Games based on 3rd party platforms

I’ve already mentioned this in terms of locative games, but there are many game development tools out there that are relatively simple to use (I list some in this previous post on making games on a budget). There are also tools that were designed for other things but could be repurposed to playful ends.

I saw an online production recently (the Nightvision Experiment) that frankly didn’t work for me in terms of plot or acting, but used a clever mechanic of delivering the entire story via twitter and youtube. And The Dark Room used just Youtube and it’s annotation function to create a smart, funny sort of video text adventure. There is no reason social media can’t be used to create games, or interactive experiences, and in fact Liliane Lijn was at one point running her Power Game over twitter as well.

Console game partnerships

I don’t think anyone has tried this yet in museums (although the Wellcome Trust did try it as part of their broadcast and games funding work), but I’m sure there is potential here. Obviously museums are unlikely to be able to afford to develop a AAA console game of their own, they cost millions. There are increasing numbers of indie devs producing games for consoles (especially since Unity can output to several of them) for lesser budgets, but still, it’s expensive.

However, museums do have content. They have stories, settings and objects, and they have all kinds of experts. Many are respected global brands. Might a canny partnership be possible between a console game producer and a museum? Perhaps where a museum can do and fund some development work into the factual elements (or even non factual elements), provide some information, setting, or idea inspiration?

Evaluation

I do go on about this, but this needs to happen more. I’ve just read a fascinating evaluation for a Science Museum game (that I hope will be shared soon) and it was *really* illuminating. I wish I’d seen it earlier. It made me think that we’ve all done enough games now that there should be a pretty good body of knowledge about what works, and what doesn’t, and we should be building on this. Some of this information does get shared at conferences and so on, but it still feels like a lot of museum game development (and other digital development, in fact) happens in the dark.

We can copy other apparent successes, but without knowing in depth information about the player responses, we may just be repeating an empty exercise in gathering hits.

Games people

Museums need to focus on working with people who are good at making games, and not get so hung up on the platforms or technologies.
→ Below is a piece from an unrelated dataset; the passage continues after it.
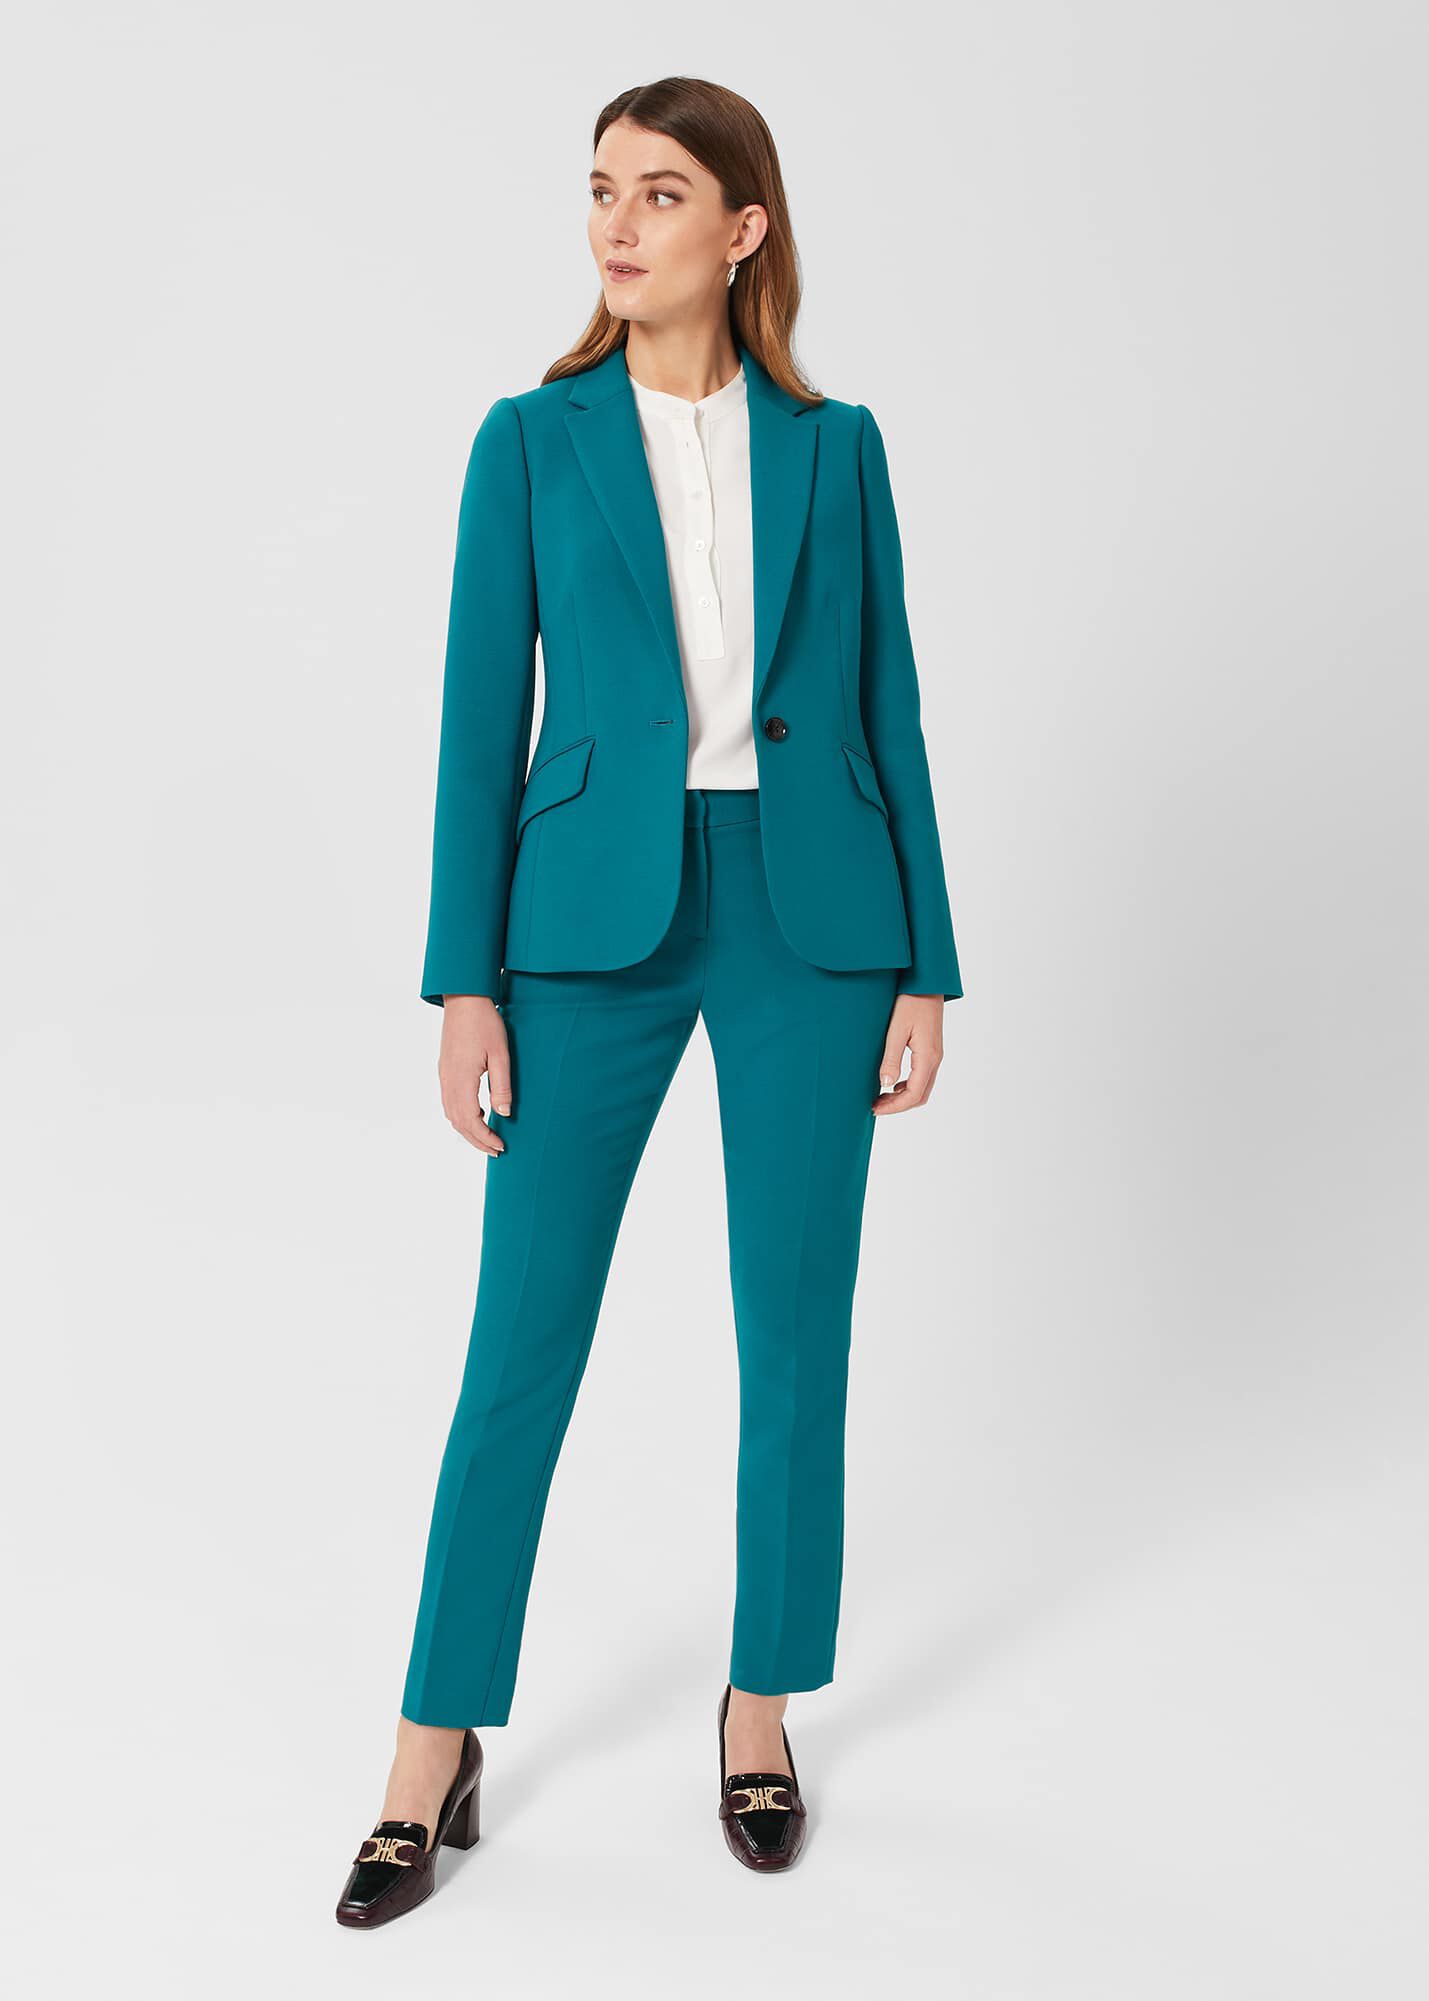 QUIZ Pale Blue Belted Trousers  New Look

This essay by Suzy Glass isn’t about games specifically, but it could be, and it is absolutely spot on about this issue.

Museums also need to be working with those people right from the start of a project, not waiting until they’ve put together an extensively scoped funding proposal without any games expert input. And that means hiring someone, freelance, or full time and paying them from the start. It will be worth the investment. I’d also like to see less of small games and other digital agencies time being wasted by having to jump through multiple time consuming (and therefore expensive) hoops as part of the procurement process, when they have a worse than 5 to 1 chance of getting the commission.

Those are my assorted, random, thoughts, please feel free to add yours!